Papers Past relaunched on GreenstoneSeptember 10th, 2007
Today we announced that our beloved Papers Past website has been relaunched with a fantastic full-text search facility. Papers Past first launched in 2001 with digital image scans of pages, and a lovely chunky Java Applet for zooming in-and-out of articles... but alas no full-text search. Well, the wait is now over and the project team has built a new web application and completed the first phase of extracting the text from the image scans using Optical Character Recognition (OCR). A mammoth exercise.
Browse by region interface for Papers Past in 2007.
The OCR process itself is super-interesting but we wanted to talk today about Greenstone, the application behind the website. Greenstone is a digital library platform that came out of a University of Waikato research project about 10 years ago. There's been some quite amazing technical developments as part of this project and it's worth making a big deal about it because it's open source and we hope the work will be reused. A big up to the team at DL Consulting who have been leading the Greenstone work for us (plus also Click Suite for their user interface work, Gordon Paynter, Tracy Powell and the rest of the team at the National Library).
The main challenge was really about scale. The collection contains 46,927 newspaper issues with searchable text (comprising 254,295 pages and 3,161,143 articles) and 160,740 newspaper issues without searchable text (comprising 865,071 pages). As the OCR process continues the number of full-text pages will rise to over one million... and that presented some challenges for Greenstone.
A significant amount of "streamlining" was done to ensure the system worked well with such a large amount of data. First, the systems for importing the data in to Greenstone were optimised to be as fast as possible, as even a very minor bottleneck became significant when processing millions of articles. Likewise the display-time code was carefully streamlined for optimum performance.
The size of the metadata is also quite extraordinary. Aside from the typical content metadata, we also needed to store the bounding co-ordinates (the location) of every single word and article within a page. This is to support new interface features that highlight search phrases on top of the images scans, and to also allow users to switch between page and article level views. This bounding metadata was extracted from the digital images into the METS /ALTO XML format, and was something that had to be custom-built for Greenstone. It seems crazy... but the amount of metadata for each page is typically bigger in size than the source TIFF image file.
We worked through all these issues, and were very pleased to hear that DL Consulting have been granted research funding from the Foundation for Research Science and Technology (since merged into MSI) to continue their work, allowing Greenstone to scale to even larger collections.

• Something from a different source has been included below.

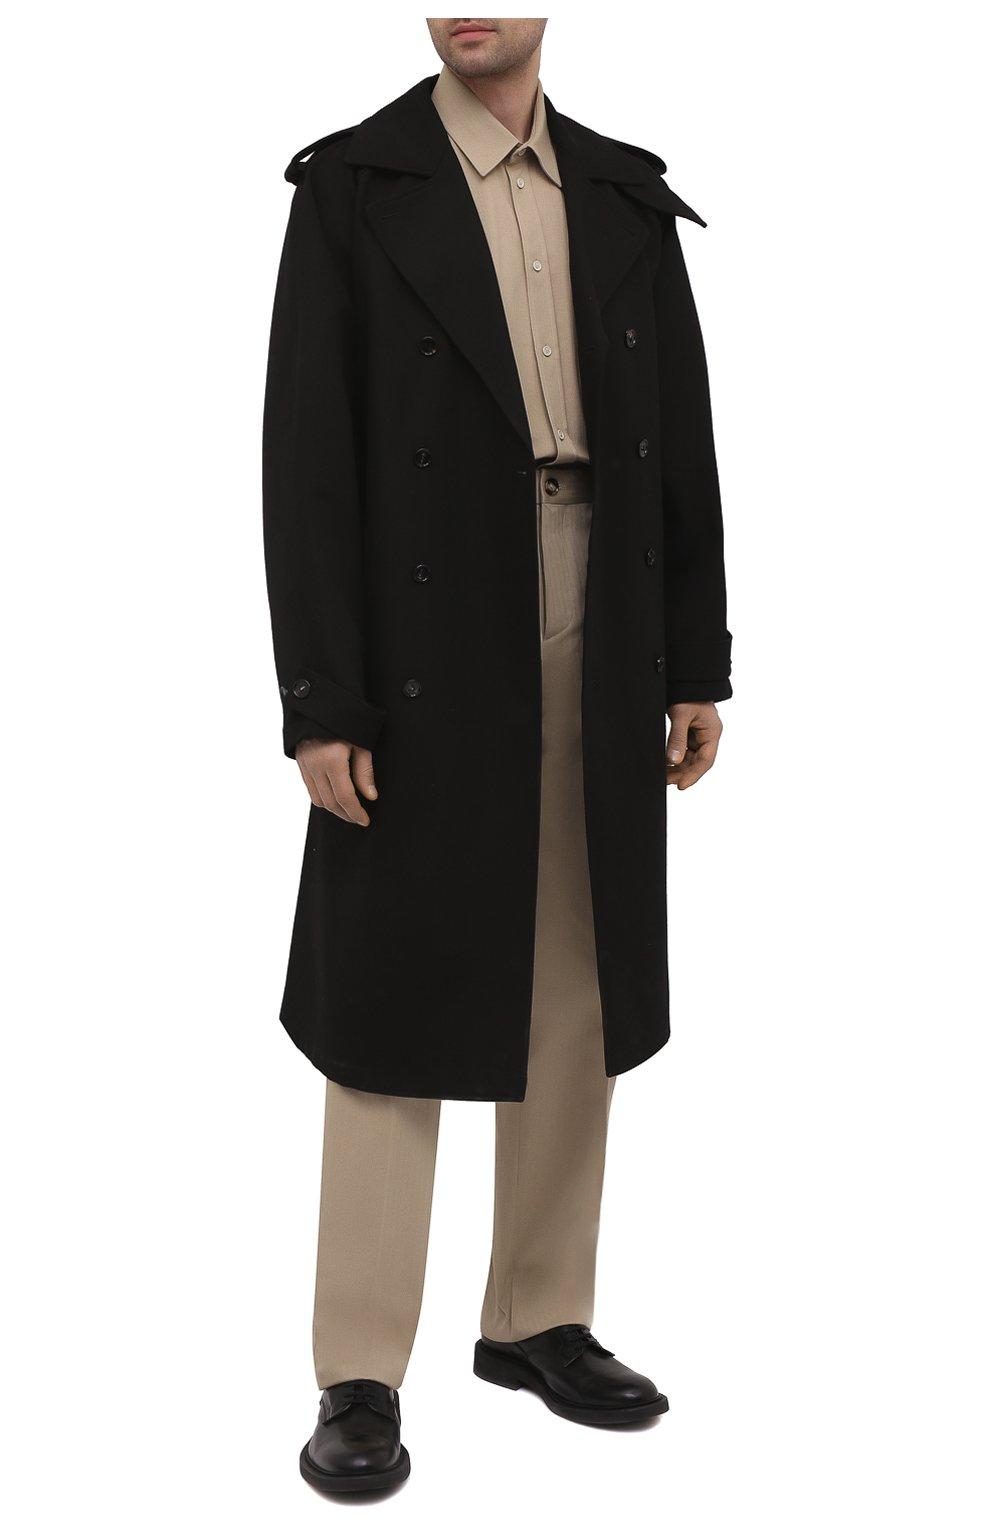 Мужские хлопковые брюки BOTTEGA VENETA бежевого цвета, арт. 651056/V07H0 | Фото 2 (Длина (брюки, джинсы): Стандартные; Случай: Повседневный; Материал внешний: Хлопок; Стили: Минимализм)

While the redevelopment grew from the need to provide better text search facilities there is also a recognition that, for reading online, the image (as opposed to HTML text) version will be preferable for many users. This is because the OCR process is not perfect so some letters can get muddled in the HTML text version. It is for this reason that image viewing is still an important part of the site. A new image server was built using Perl to dynamically extract and cache web friendly GIF versions.
Another enhancement to Greenstone involved improving the integration with Lucene. One of the reasons we went with Lucene is that it provides support for fuzzy search which helps with the search across imperfect OCR text. Greenstone already had Lucene support available, but it needed some tweaking so it could scale to the 50 GB of text that is estimated the site will grow to.
The Lucene development work has already been returned back to the open source community, and there are plans to also contribute the METS / ALTO import process, the image server, and the core enhancements to the scalability of Greenstone. We're feeling good about the relaunch of the site and it will be interesting to see how it goes down with users.